Is Your Honeymoon Really Necessary and My Wife’s Lodger feature very early performances from Diana Dors, and she stands out now as the best thing in both, poised and peroxide at 21 and demonstrating a comic versatility that wasn’t to re-emerge until her glam days were well behind her.
In the former, a frenetic bedroom farce adapted by a pre-Carry On Talbot Rothwell, she holds her own among a troupe of accomplished performers (Bonar Colleano, David Tomlinson, Sid James) as the trampy ex-wife of a US serviceman, who returns to London with a new spouse only to find he might still be married to the old one. In My Wife’s Lodger, she steals her scenes as the headstrong teenage daughter of demobbed Willie Higginbotham (lugubrious music hall turn Dominic Roche), who comes back ‘oop north’ after six years’ service to find himself cuckolded in his own house by Roger the Lodger (an impressively sleazy Leslie Dwyer). A treat for Dors fans (she even gives us a song), this double bill will also delight fervid collectors of long-forgotten British B-movies.
Fully illustrated booklet with detailed film notes and original promotional materials.
Film Description
This second release of the BFI’s pioneering Adelphi Collection brings two films directed by Maurice Elvey, Is Your Honeymoon Really Necessary? (1953) and My Wife's Lodger (1952).
Is Your Honeymoon Really Necessary? is a juicy, fast-moving bedroom farce featuring a sizzling performance from a young Diana Dors. American Army pilot Laurie Vining (Bonar Colleano) - on leave in London for his honeymoon - is hoping for a little rest and recreation. But his idyllic bliss is shattered abruptly when his stunning ex, Candy - saucily played with mischievous relish by Dors – unexpectedly arrives at his hotel, insisting that they're still man and wife. Under pressure to think quick and act fast, he enlists the assistance of his gum-chewing, wisecracking co-pilot Hank Hanlon (Sid James) and nervous, girl-shy lawyer Frank Betterton (David Tomlinson). But his troubles have only just begun...
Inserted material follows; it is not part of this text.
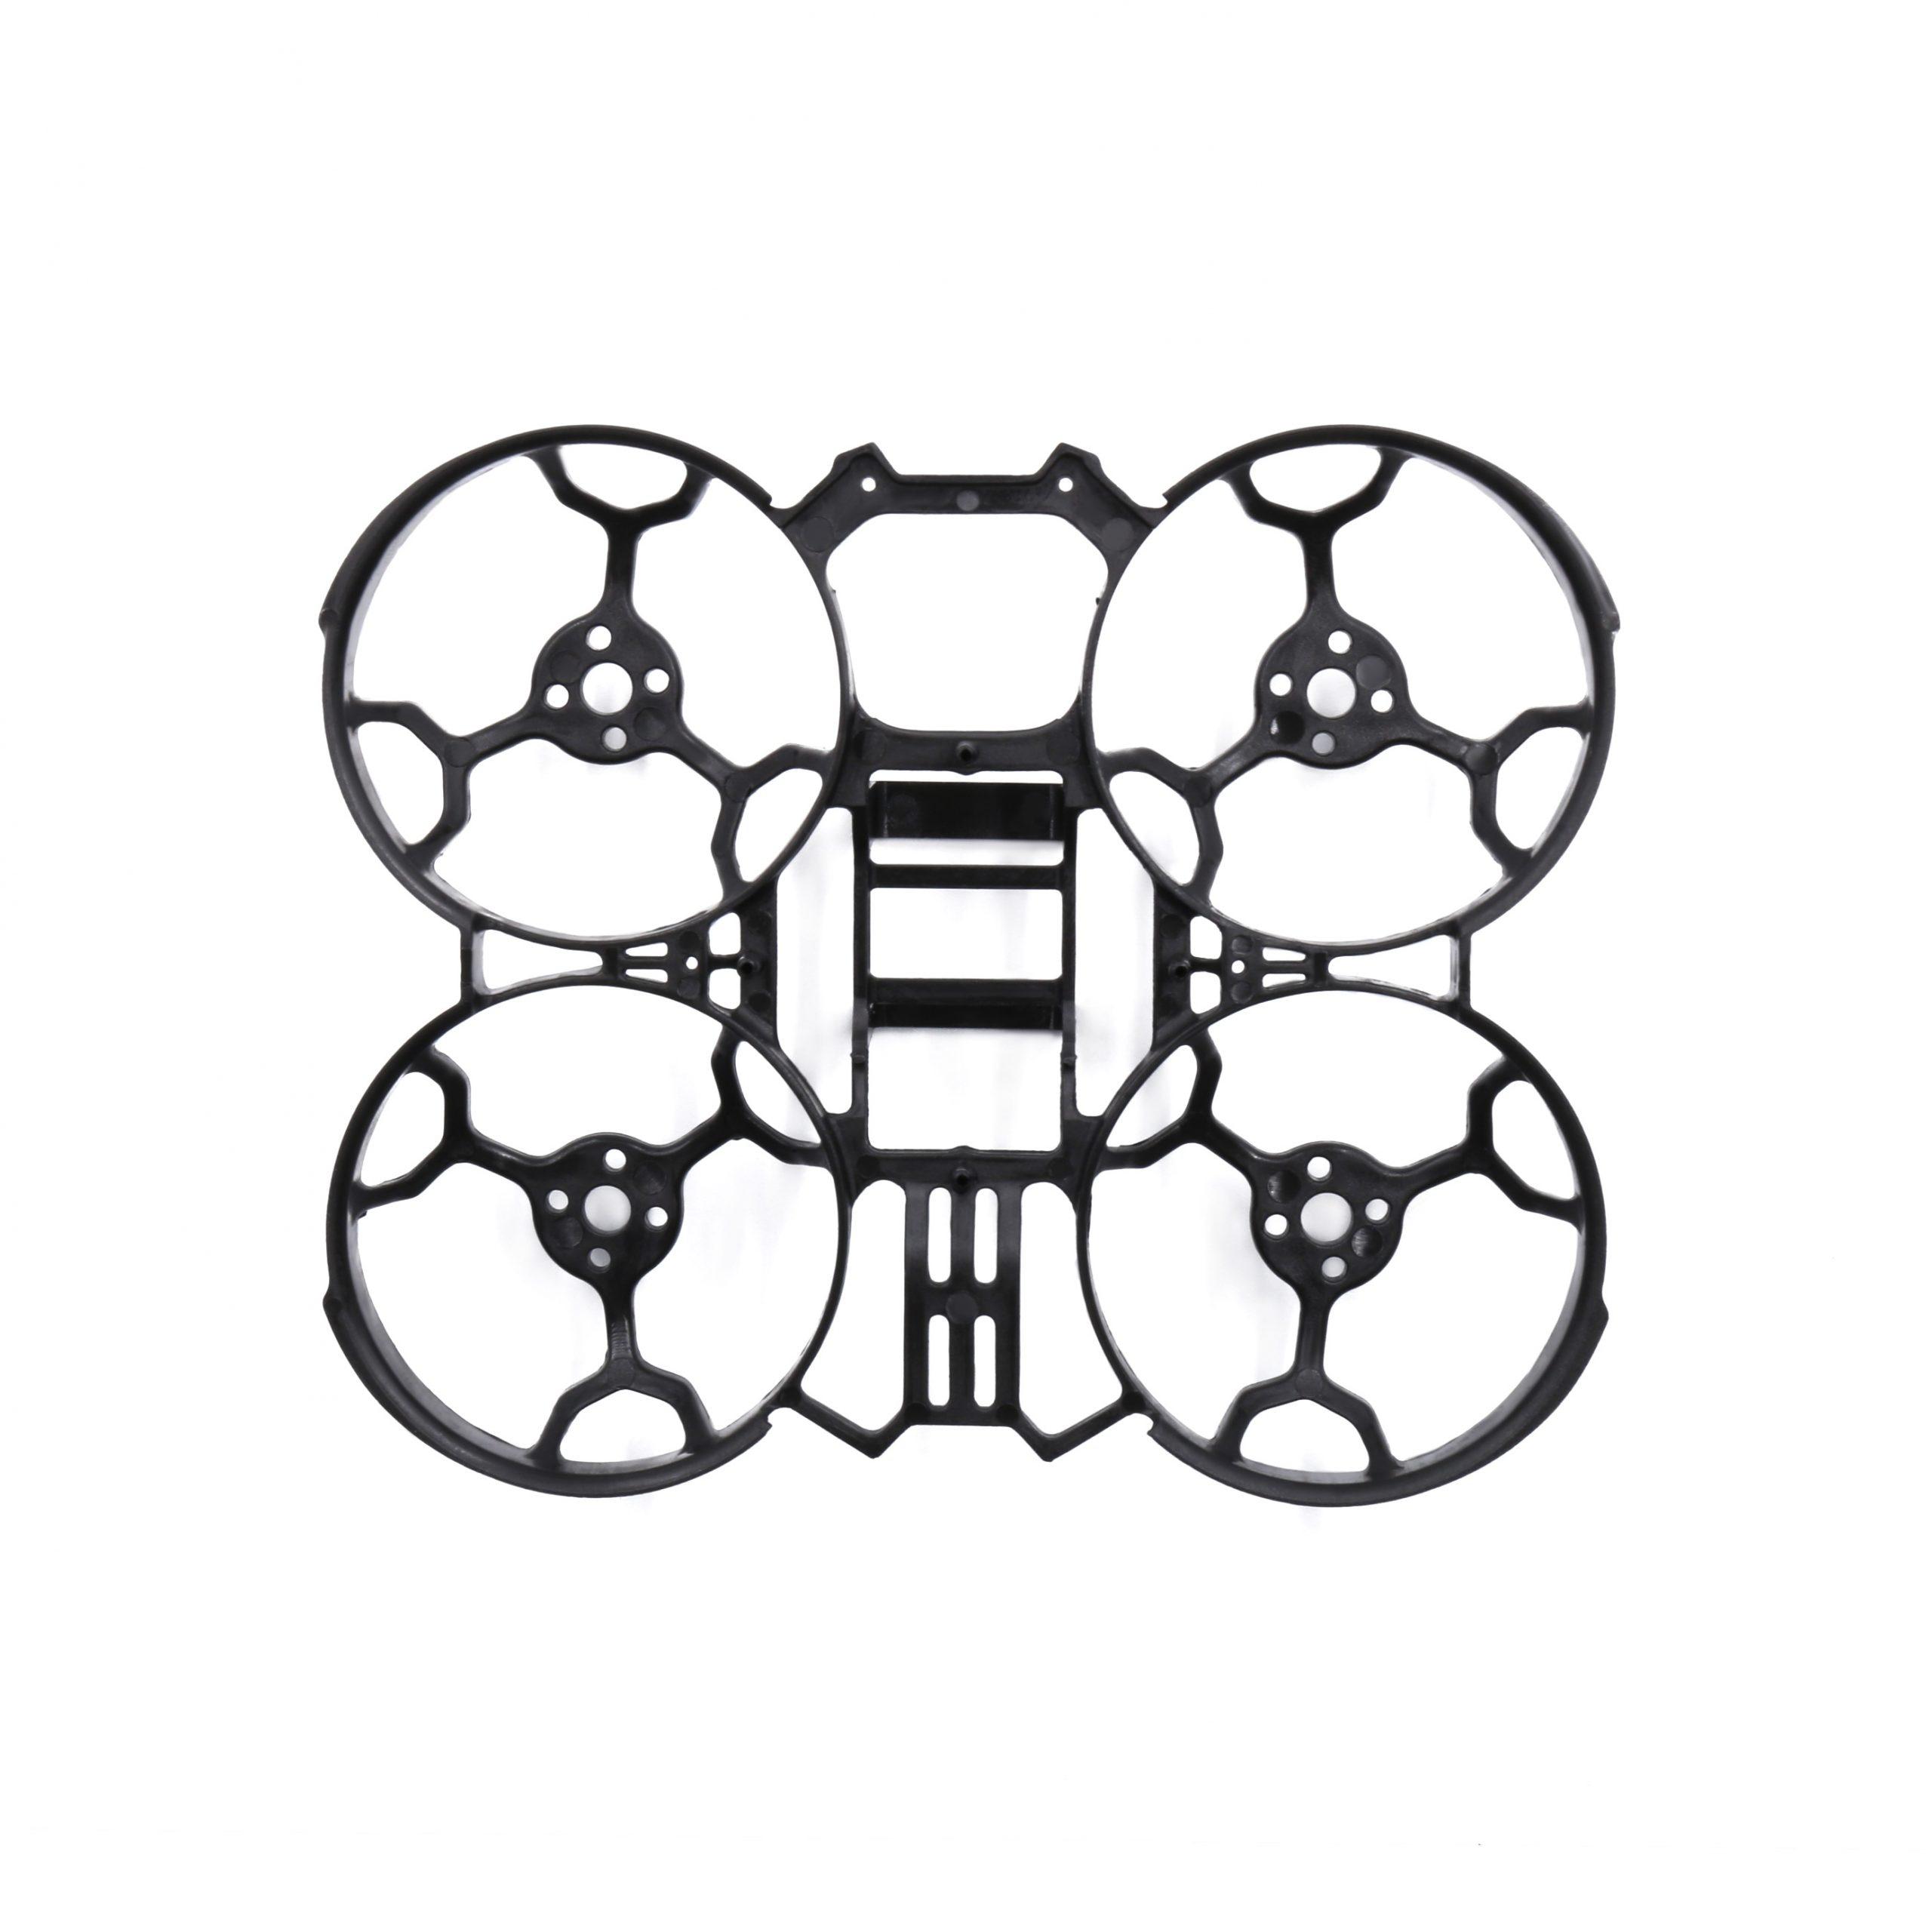 GEPRC GEP-TKP16 Frame Parts

My Wife’s Lodger (1952) finds hapless soldier, Willie Higginbotham (Dominic Roche) return home after six years hoping for a hero’s welcome only to find that his home has become a boarding-house and Roger the Lodger (Leslie Dwyer) has got his arms around his wife and his feet under the table, while Willie’s ditzy daughter Eunice (Diana Dors) only wants to sing, dance and jitterbug!